And on the 7th day, she rested less

Not to belabor the “oh poor me, I’m so sick” thread, but GEEZ — this latest cold/flu/virus thing has been just horrible.

Today, Day 7, I feel semi-human again (that means I only still have a clogged ear, a less-sore throat, and lingering laryngitis from coughing up bits of lung). I thought nothing could top last year’s episode, but this year’s double-whammy (5-day bout of misery, 7-day halfhearted recuperation, then 7-days-and-counting relapse) has been something other-worldly. Complete with conjunctivitis (pinkeye) of all things.

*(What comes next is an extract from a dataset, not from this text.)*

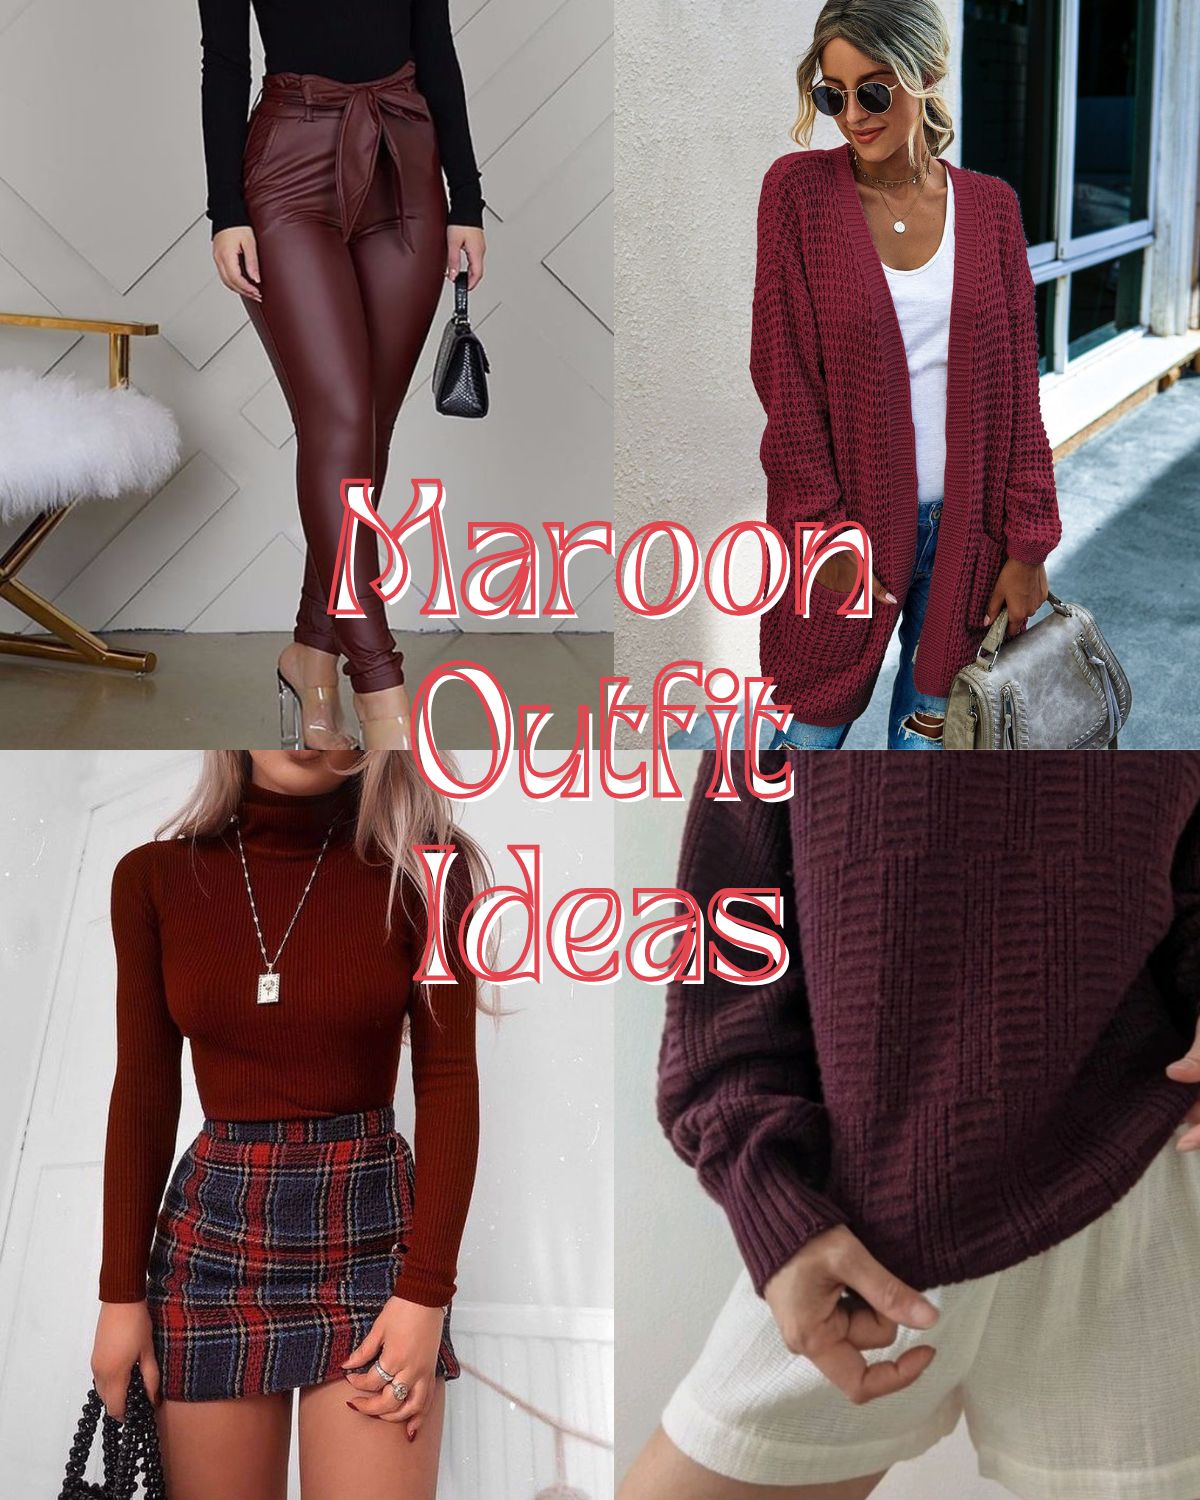 Outfit ideas containing maroon, four women in fall outfits
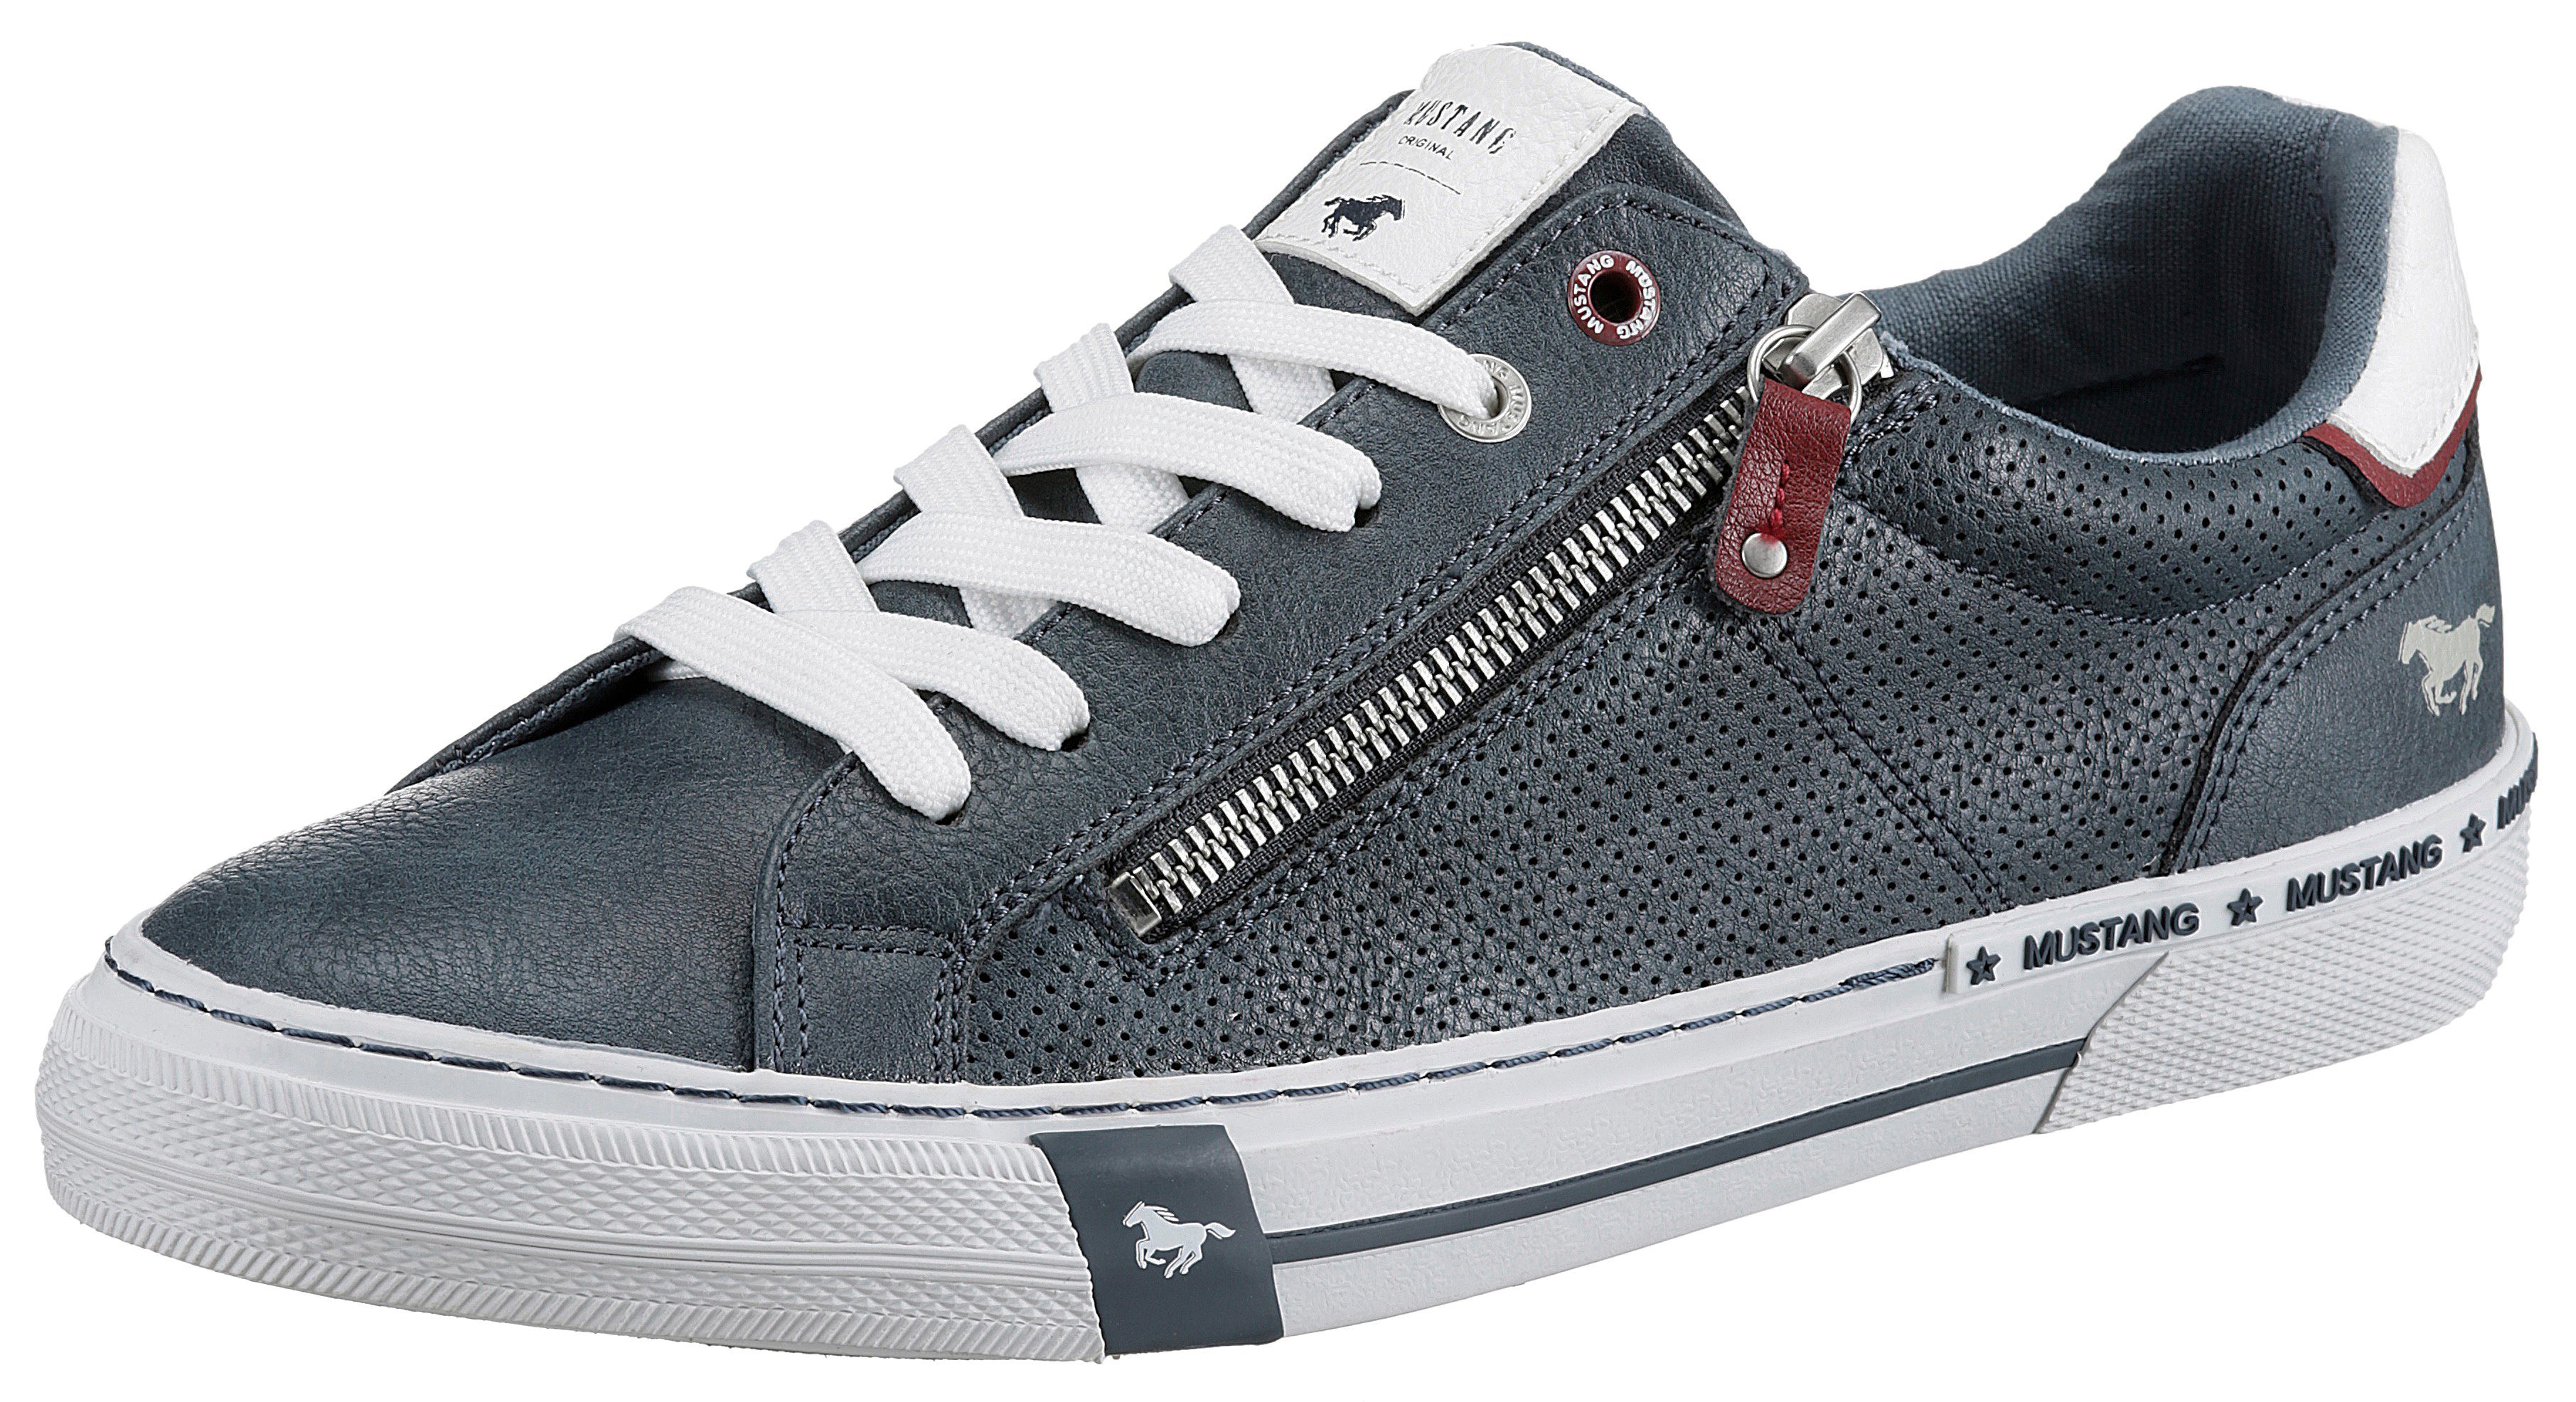 Mustang Shoes Sneaker mit Perforation jeansblau

I so wanted to be dipped in an antibiotic bath (or at least get some in pill form), but haven’t had anything but OTC meds (save the eye drops prescribed  for the pinkeye, though that was probably viral in origin as well). Intellectually, I know antibiotics do nothing for viruses, but emotionally, I needed to think there was something to kill the invaders — my immune system sure wasn’t doing it. I tried a few of the “natural remedies”… gargling with saltwater, drinking apple cider vinegar and honey in water, steaming my head over a bowl of boiling water…to no avail. The only thing that actually felt good was drinking lemon juice and honey in hot water when even tea was more than I could stomach.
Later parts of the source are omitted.